How Jack Harlow Directed a ‘First Class’ Music Video | New

Jack Harlow had a first-class year. He’s racked up eight nominations for the 2022 VMAs, making him the most nominated artist this year (tied with peers Doja Cat and Harry Styles), and he’s set to both perform onstage and host the ceremony. He’s come a long way since hitting the VMA Pre-Show with “Whats Poppin” in 2020 — and as such, Harlow has been able to increase budgets for his creative endeavors since then, a sign of his growing notoriety.

Case in point: For his “First Class” cinematic video, released in May, Harlow decided to make some noise and rap in front of a helicopter. And near powerful industrial fans. And on an airport runway in the middle of the night. It was all shot on film, giving the final look a touchable texture, and it features a cameo from none other than fellow VMA nominee/performer Anitta. These are the elements that make a pop star look cool in a visual. But you just don’t get the confidence of major labels with the resources to pull off such extravagant feats unless you’ve proven yourself.

Harlow did it, thanks in part to the production team behind him, including director Jack Begert (who also directed music videos for SZA, Kendrick Lamar and Vince Staples), and Ace Pro, the town buddy Harlow native and trusted collaborator who acted as creative director on this video. “We had a very limited time to put this together, but it came out,” Ace told MTV News, alluding to last-minute changes that were made to the song ahead of its release. “He did well and went to No. 1.”

Ace has worked with Harlow for years, and the rapper even shouted him out by name on “Tyler Herro,” along with all the members of The Homies, the anchors of Louisville rap group Ace.

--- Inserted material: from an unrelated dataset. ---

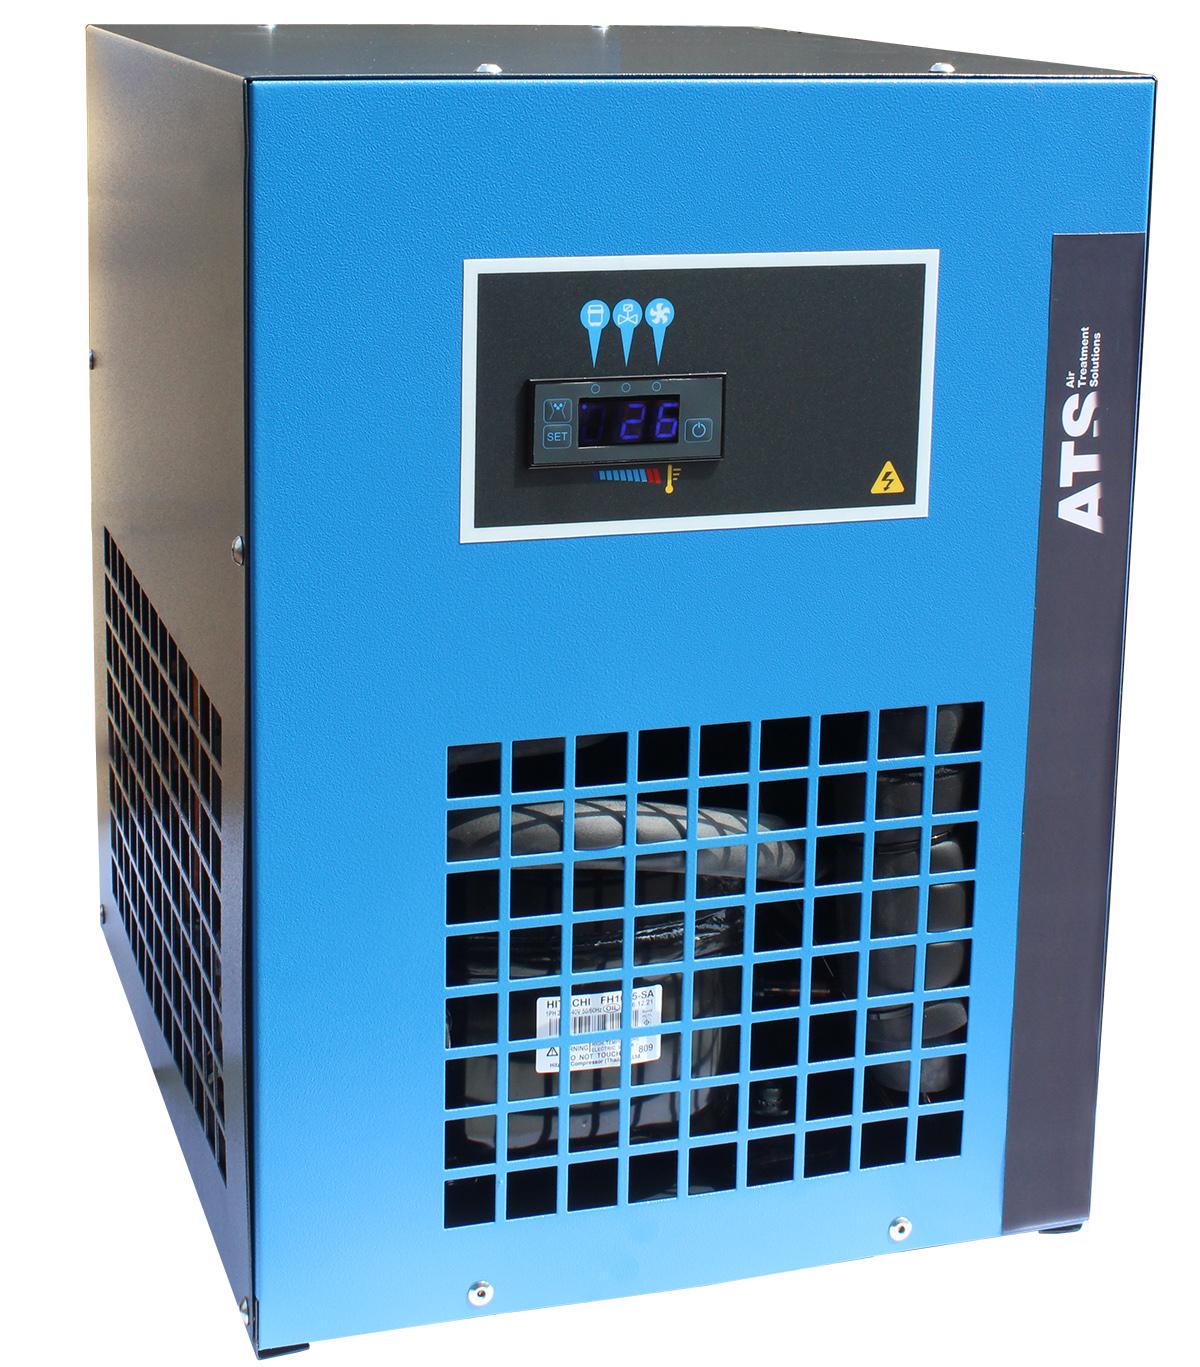 Chladnička ATS DO 78 ISO4 3ST Sušič

He has been heavily involved in some of Harlow’s most popular videos, including co-directing “Nail Tech” and serving as creative director for Harlow’s Drake collaboration “Churchill Downs.” Above all, for “First Class,” he knew Harlow had achieved a spot of stardom where he could make big demands, like making his dream of recruiting Anitta a reality.

“We wanted to add more juice to the video,” says Ace. “We were watching a lot of old Kanye videos – the ‘All Falls Down’ video with Stacey Dash, then ‘Touch the Sky’ with Nia Long and Tracee Ellis Ross. Think 10 years from now, when people watch this video and they say, ‘Wow, Anitta was in that video.'” Ace co-wrote the video treatment with Harlow and “Floridaman,” a mysterious third presence that he refused to explain.

The Homies are supporting Harlow on his tour this fall, and to prepare, Ace has been working on translating their typical club show to work on an arena scale. It’s all about Ace’s work day. “I’ve always been kind of a Renaissance man,” he says. On video sets he handles logistics and creative decisions, and for “First Class” he often acted as a go-between and creative translator for Harlow and Begert. Ace is in an interesting position now, still producing indie videos with his band The Homies – “I Stand Up [a cinematographer’s] shoulder as he shoots, telling him, ‘Do this’” – while helping run hit shows with Harlow.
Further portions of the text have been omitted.